Others wrote to ER expressing support. Henry Ware Allen wrote from Wichita to say that only the “most unsophisticated and uninformed” would disagree with ER's assessment. A man from Denver wrote that all the other fellows he had talked to admired her courage for speaking “so honestly and frankly.”
5
Dr. Maude E. Bleakmey cabled from Beaver, Pennsylvania, to say, “Bravo. Keep up the good work. Truth bows to no man's shrine.”
6

The flap created headlines in newspapers across the country. But ER refrained from trying to set the record straight publicly. Instead, she responded to many of the critical letters with a copy of her speech so that people who either misheard her remarks or were responding to news stories could see for themselves. To one man she wrote that she
understood she could not continue to do commercial broadcasts after FDR's inauguration, but that “until March fourth I am a private citizen and have the right to decide for myself what is wise.”
7
ER explained to another listener that she knew the Pond's broadcasts would provoke criticism, but she felt compelled to go forward because the money she earned could help the unemployed through the charities she supported.

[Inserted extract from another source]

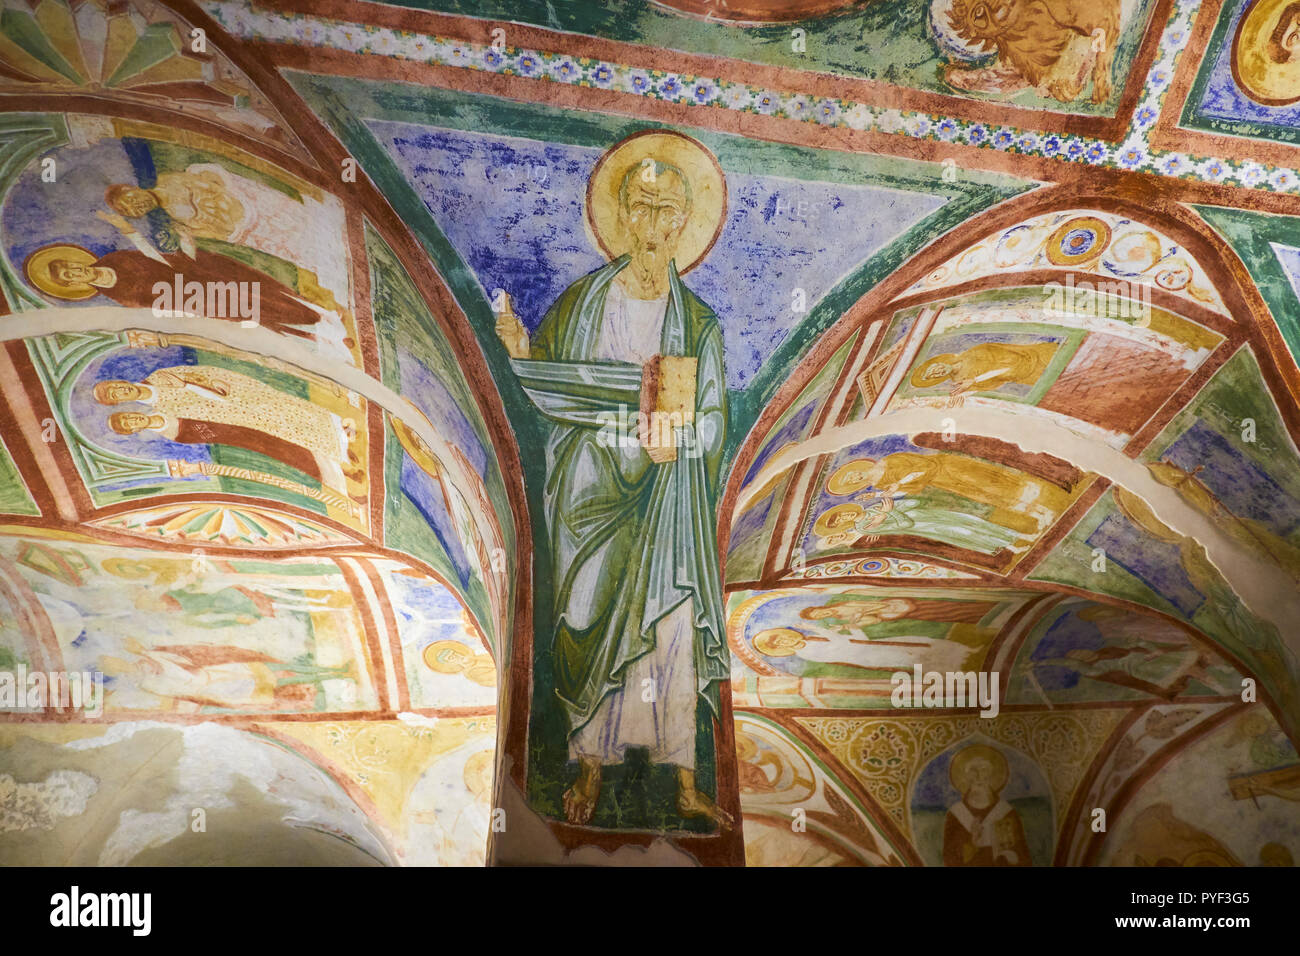 L'Italie, Frioul-vénétie Aquilee, Aquileia, Basilique Patriarcale de Santa Maria Assunta, neuvième siècle Christian fresques, plafond, crypt Banque D'Images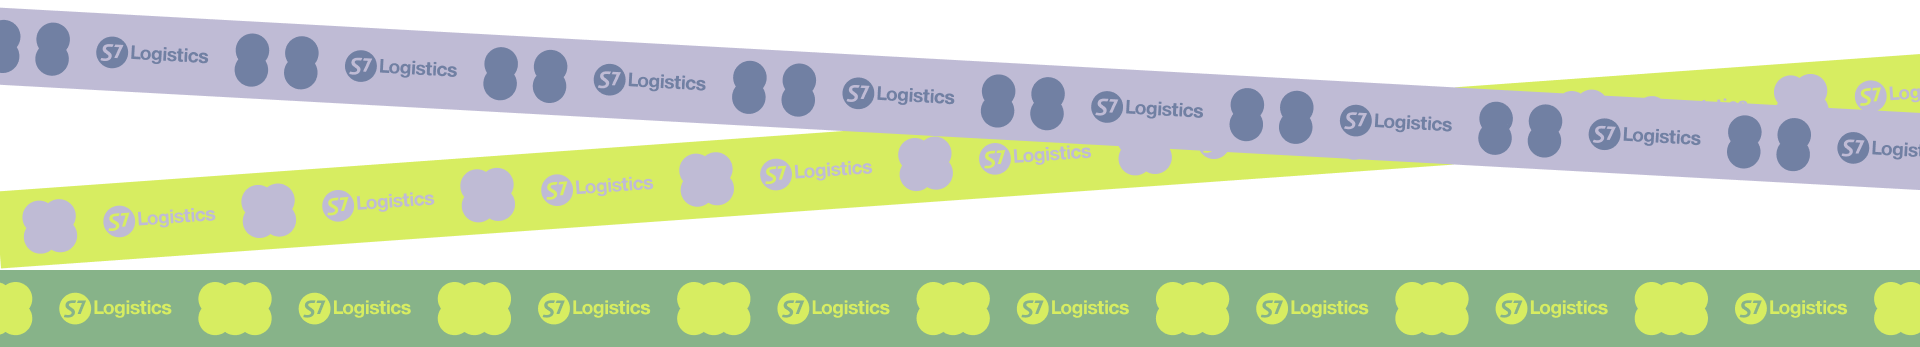 s7 logistics line with logo

The rest of ER's thirteen-week series for Pond's stuck to what must have seemed generally safer subjects of interest to women. She spoke on raising babies, working women, the virtues of chaperones, and keeping husbands happy. The nation was in the depths of the Depression when ER made these broadcasts. More than ten thousand banks had failed since the stock market crash of 1929. Only a quarter of unemployed families got any kind of government relief. In 28 percent of the nation's households, no one had a job. In this context, the subject of women working outside the home was highly charged. The 1930 census showed that 11 million women had jobs, about 24 percent of the women in the country. Historian Susan Ware says that women, especially married women, “faced strong public hostility to their very participation in the workforce.”